##### Input records #####
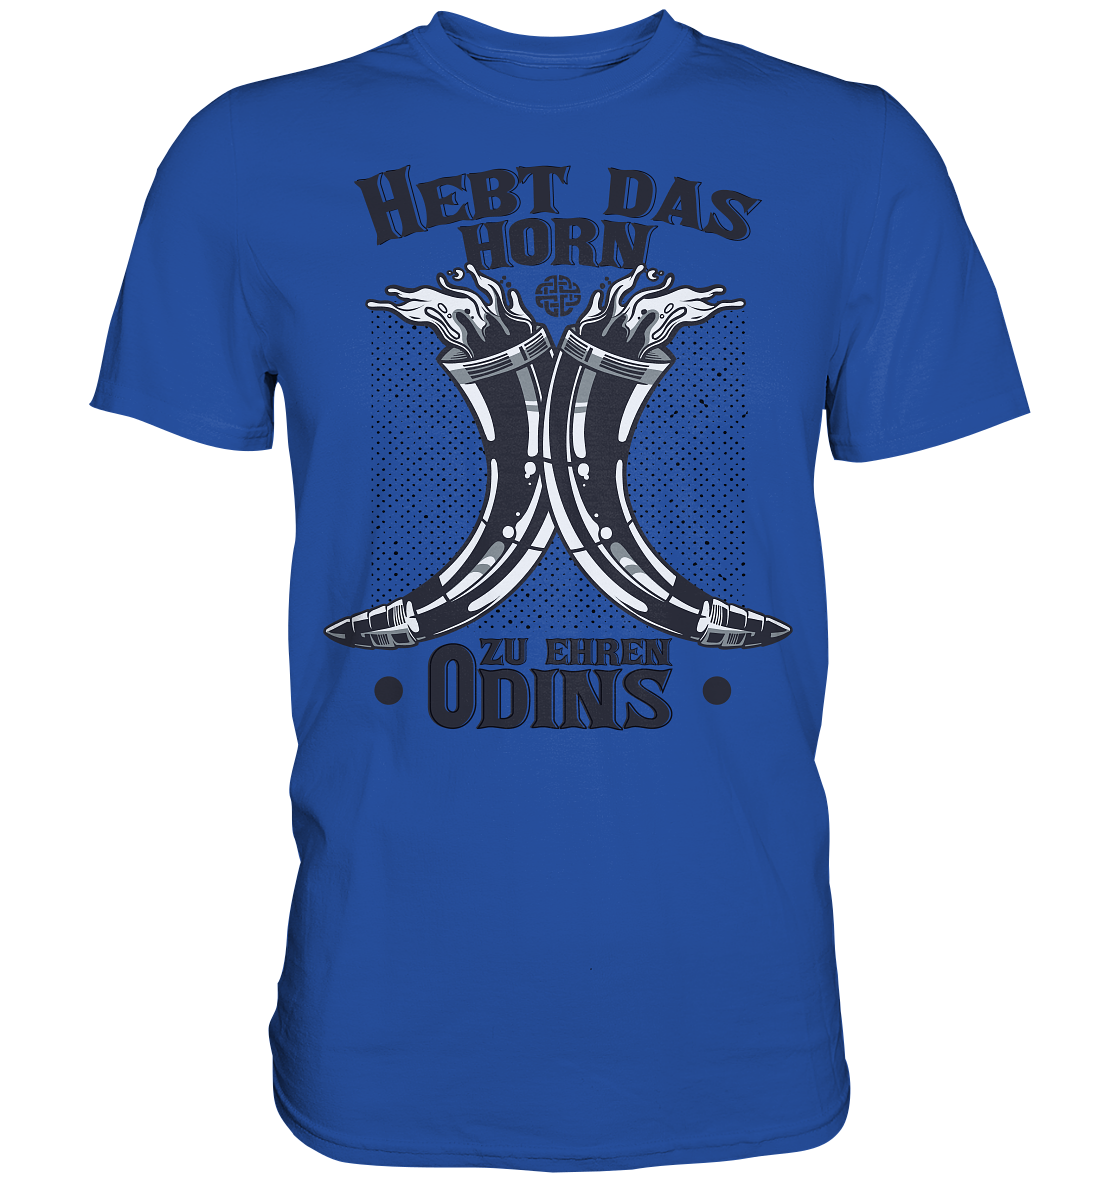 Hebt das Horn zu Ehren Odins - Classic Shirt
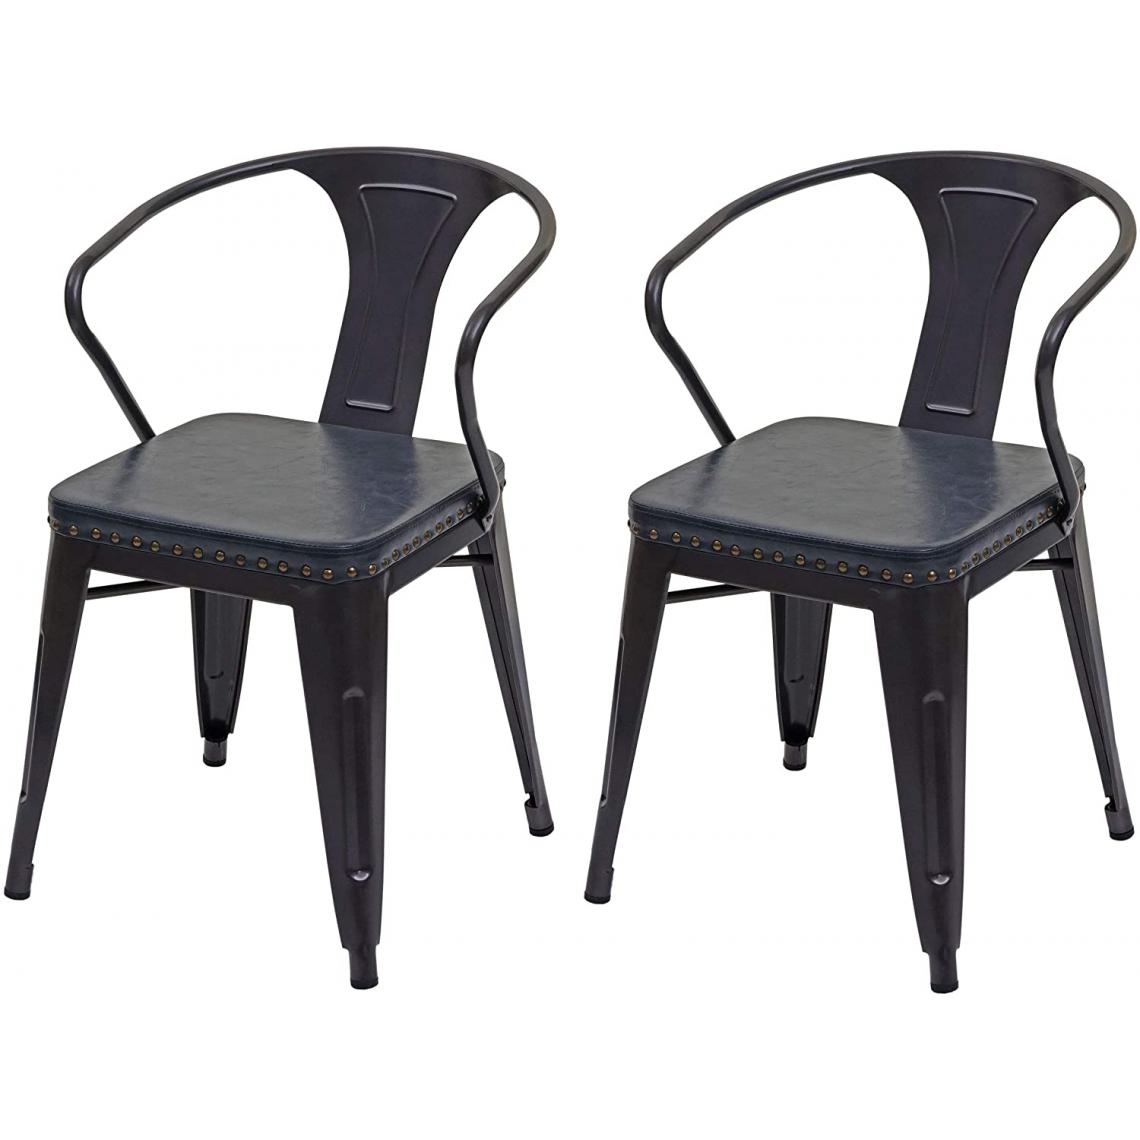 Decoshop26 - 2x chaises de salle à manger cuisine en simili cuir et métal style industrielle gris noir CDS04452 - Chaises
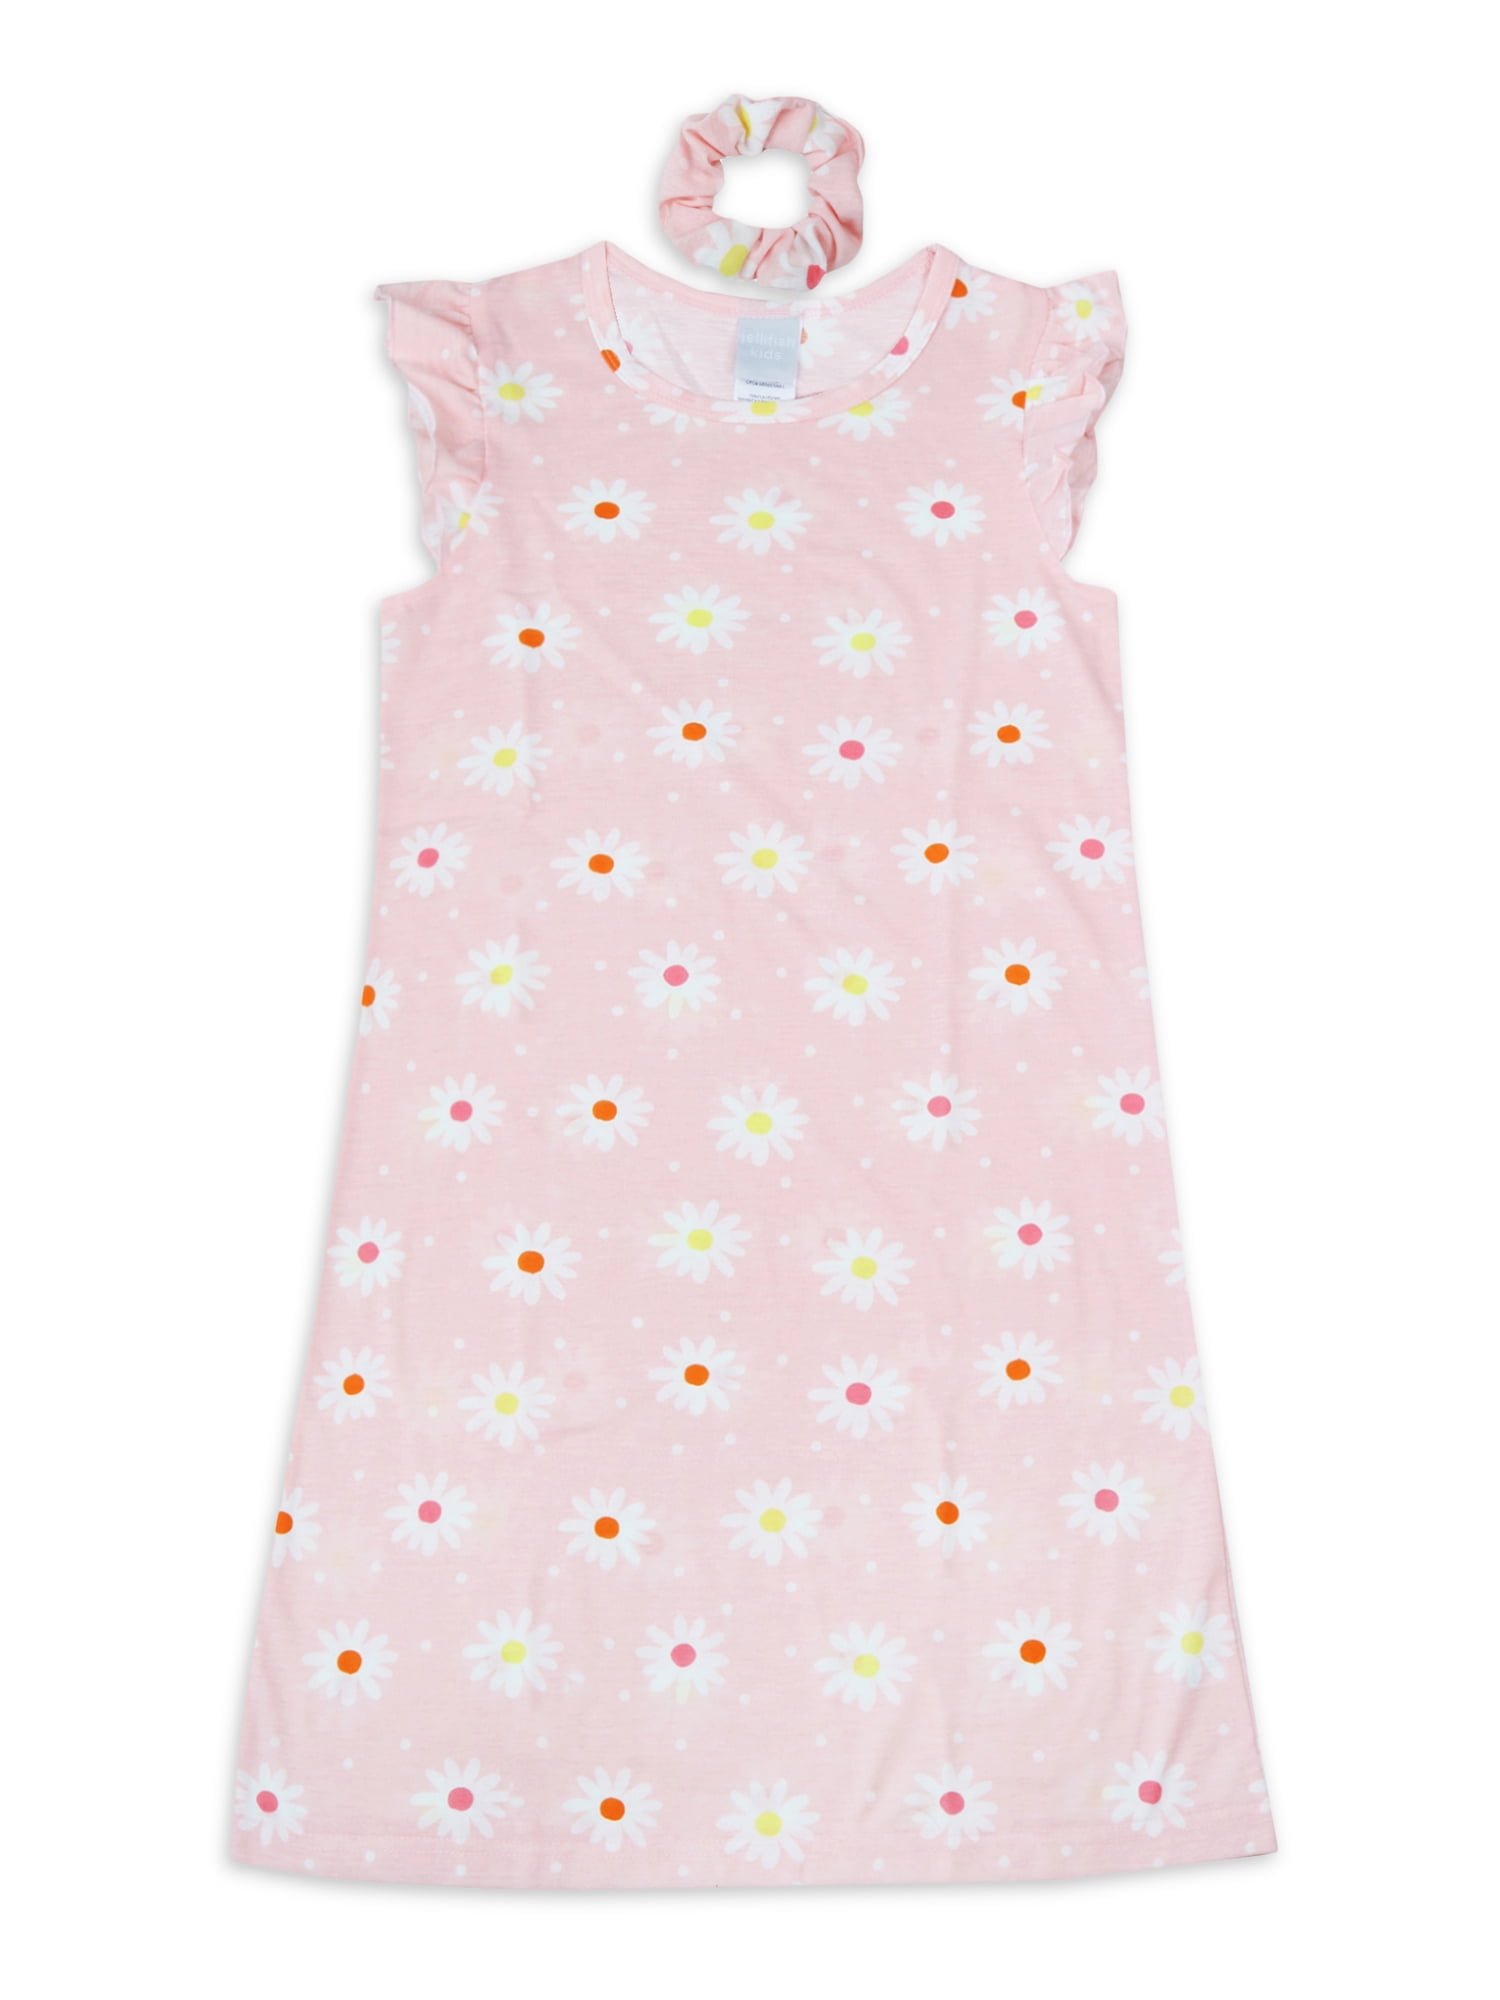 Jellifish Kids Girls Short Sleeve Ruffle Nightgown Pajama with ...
#####
##### Input records #####
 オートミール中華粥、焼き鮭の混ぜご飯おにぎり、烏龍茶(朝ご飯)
#####
Exercise:
Write down exactly what the lines above say, from the line holding "Hebt das Horn zu Ehren Odins - Classic Shirt" through the line holding "Jellifish Kids Girls", and nothing more. Do not copy the pictures.

Answer below:
 Hebt das Horn zu Ehren Odins - Classic Shirt
 Decoshop26 - 2x chaises de salle à manger cuisine en simili cuir et métal style industrielle gris noir CDS04452 - Chaises
 Jellifish Kids Girls Short Sleeve Ruffle Nightgown Pajama with ...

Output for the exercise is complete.